A short one and then I must go.
This one is for the ladies out there who I occasionally like to dispense courting/dating advice to. However, unlike advice you find in Cosmo or Oprah, my advice actually works.
When it comes to your man making a decision (of things that are NOT vital in nature or vital to your relationship) you have five options in how you're going to respond or react to his decision;
Of these five options, only two are acceptable, support and indifference.
Support is preferable in that your man has already made up his mind and is going to take action regardless of whether you agree with him or not. And I want you to understand that statement
- he has already made up his mind and is going to take action regardless
This is what real men do. And if you want a real man, and not some compliant beta type who always asks, "well what do you want dear????," then you have to understand that you are not going to always agree with him 100%, and therefore whether you agree with him or not, he's going to do it. Therefore, you may as well support him.
The man (or at least real men) will be thankful for your support and love you that much more knowing you condone his actions and will therefore brag to his friends, "My god, I have the most supportive wife/girlfriend. She BOUGHT ME ammo for our hunting trip!"
Indifference is also acceptable. This is where your man says, "I'm going to play poker with the guys and smoke cigars." And you, completely indifferent, if not thankful you'll get him out of the house for a couple hours dismiss him nonchalantly saying, "Yeah, yeah, go, have fun."
Then we get into the unacceptable responses.
Nagging - NOT ACCEPTABLE. Again, going back to the premise he is going to carry out his mission regardless, all nagging achieves is raising his blood pressure. It's not even that you are contesting or questioning his decision, as much as you are interrogating him about all the nuances and details that are irrelevant. Not to mention, the more you nag him about it, the more he is delayed from finishing his mission. This only agitates men and does not help you on account he will now entertain thoughts of greener, non-nagging pastures.
Complaining - Again, complaining is acceptable when you are talking about decisions of importance. For example do you want children? Where should you live? But for decisions of not-importance complaining not only has the annoying benefits of nagging, but you now have guilt added to it. The man now has to worry and wonder (while he's carrying out his mission because he was going to carrying it out regardless) as to whether "going fishing with the guys" is angering you and now damaging the relationship. And while he's working the extra hours at work to make ends meet, he now gets the unnecessary and unneeded stress of having to worry about his home/social life. Congratulations! You've now made him plan his next vacation to Greener Pastures!

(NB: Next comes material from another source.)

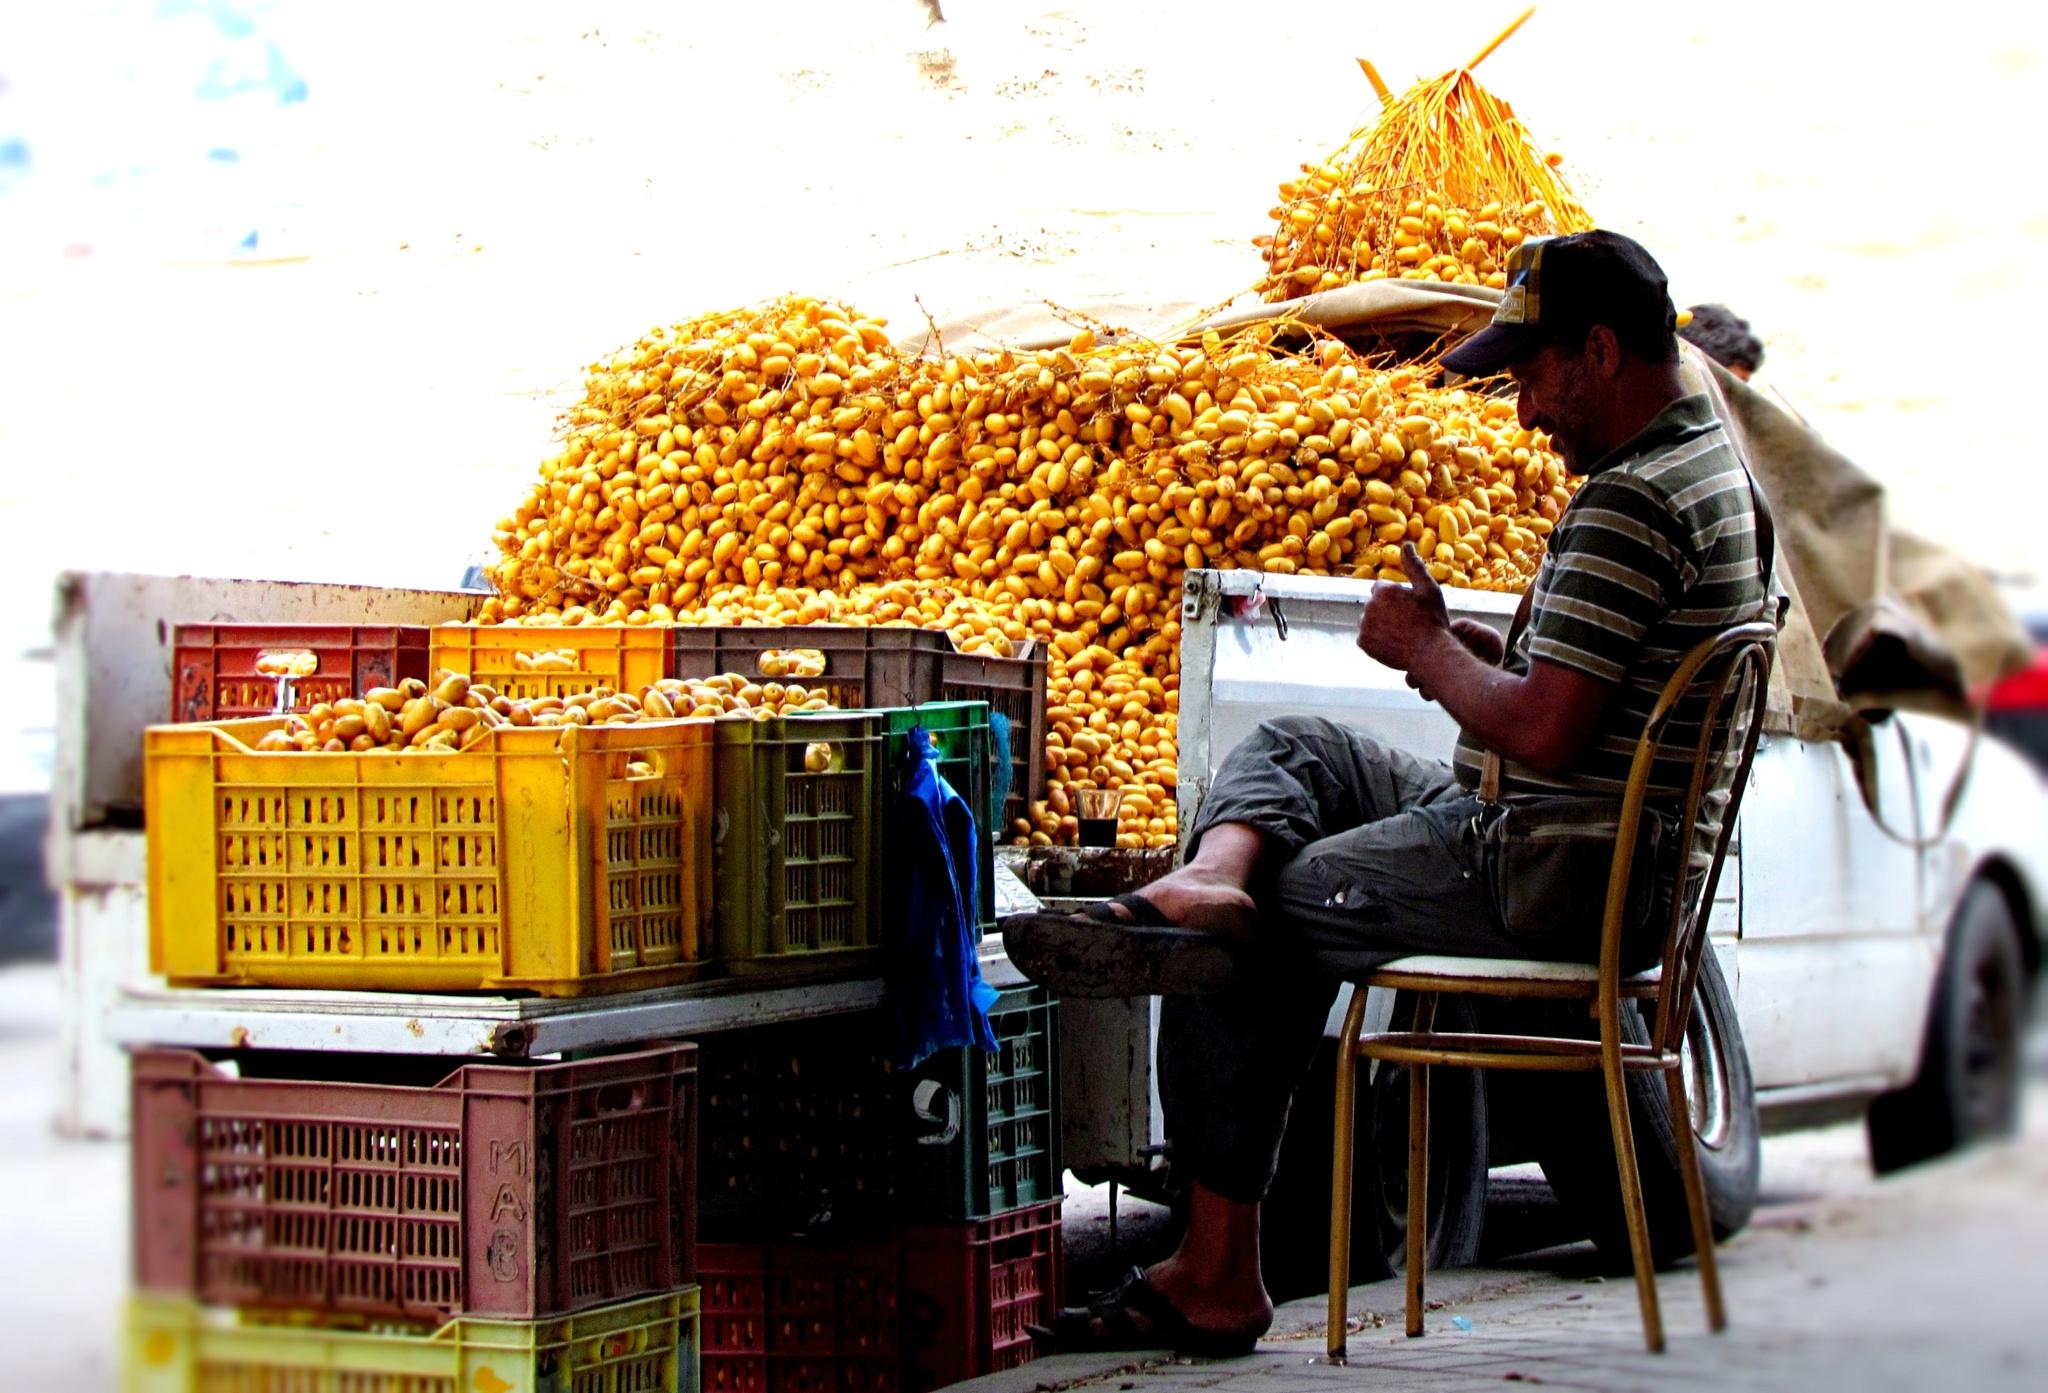 Street Seller by marta.figurzynskaderouiche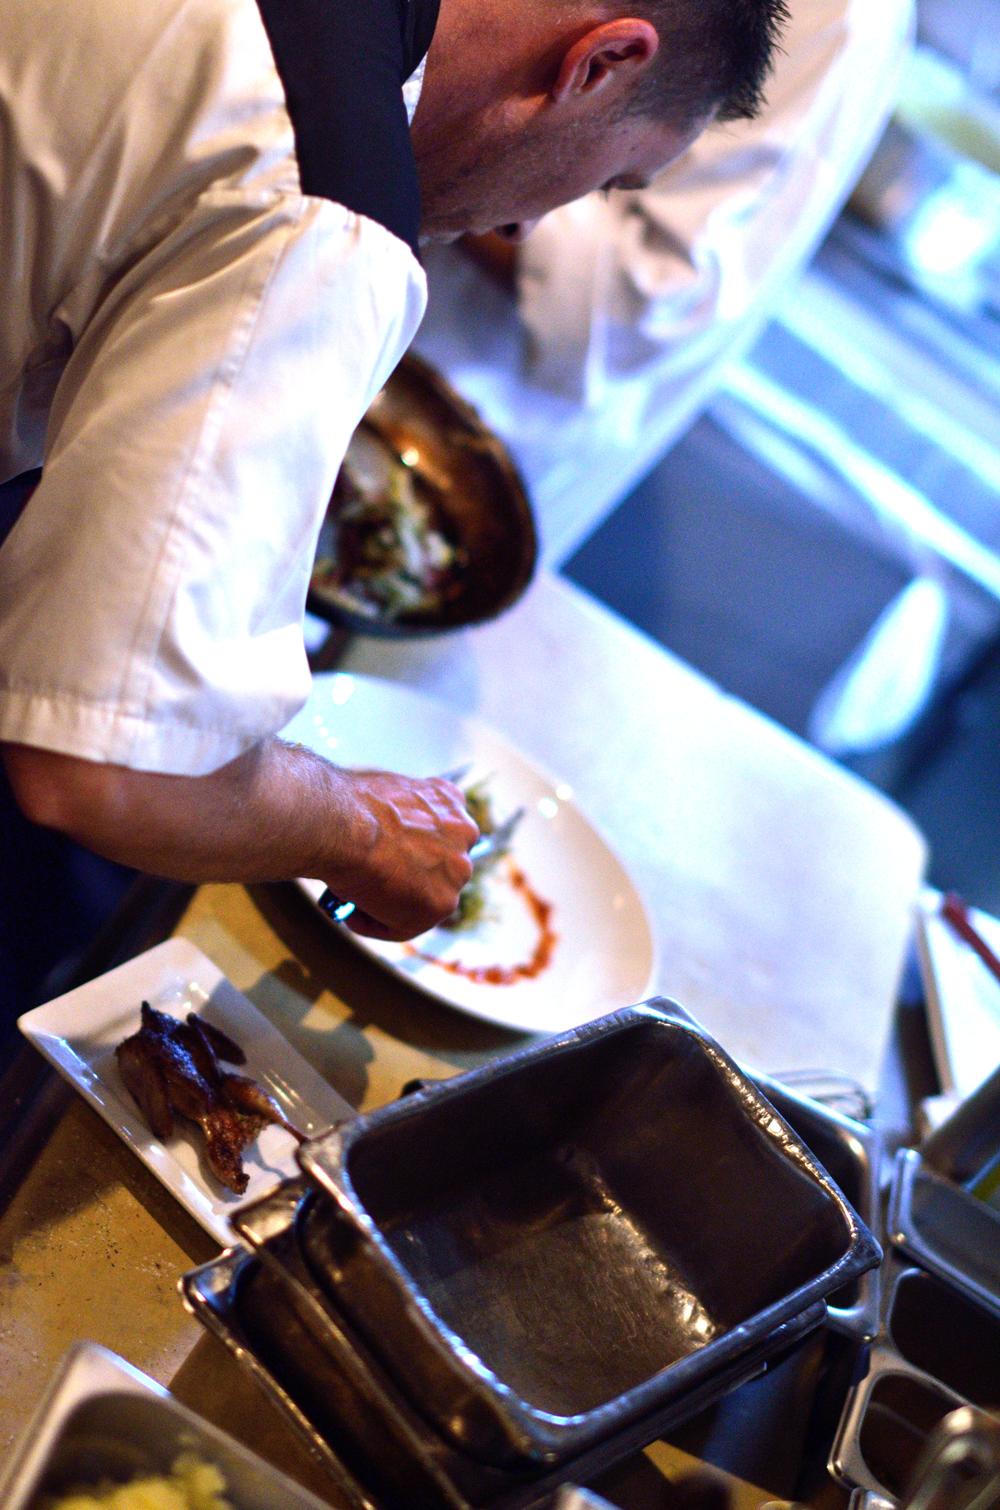 Parkway Grill Cef preparing scallop entrée

Tantrum - Your beloved Captain hasn't ran into this one in about 4 or 5 years on account it really is more of a 20 something phenomenon, but he has ran into the occasional 30 something woman that still resorts to this unacceptable response. Tantrum is where you morph into a child and go psychotic. This happens. You Captain remembers starkly having an ex girlfriend throw a tantrum on I-35 in downtown Minneapolis so violent, he had to threaten her that he'd dump her out on the side of the rush hour interstate. Another ex threw one while in the Lowry tunnel on I-94 (what is it with women throwing tantrums on the interstate???). Why were they throwing tantrums? The first one because I had to cancel a date that night so I could work to put food on the table. The second one because I failed to purchase her a soda when we filled up for gas.
Obviously tantrum is not only not acceptable, but understand ladies, it is so vile that you have not upshot at all. The man now will be re-enforced to carry out his mission simply to annoy you. Also, in displaying this drama queen behavior, any real man will dump your psychotic ass and have purchased a condo in Greener Pastures.
Thankfully I've aged to the point this is no longer a semi-annual event, but I mention it for the benefit of the younger 20 somethings out there who through poor parental upbringing, reading too many Cosmo magazines or watching too many movies have been led to believe this is somehow acceptable behavior.
Now go and enjoy a much improved courting life!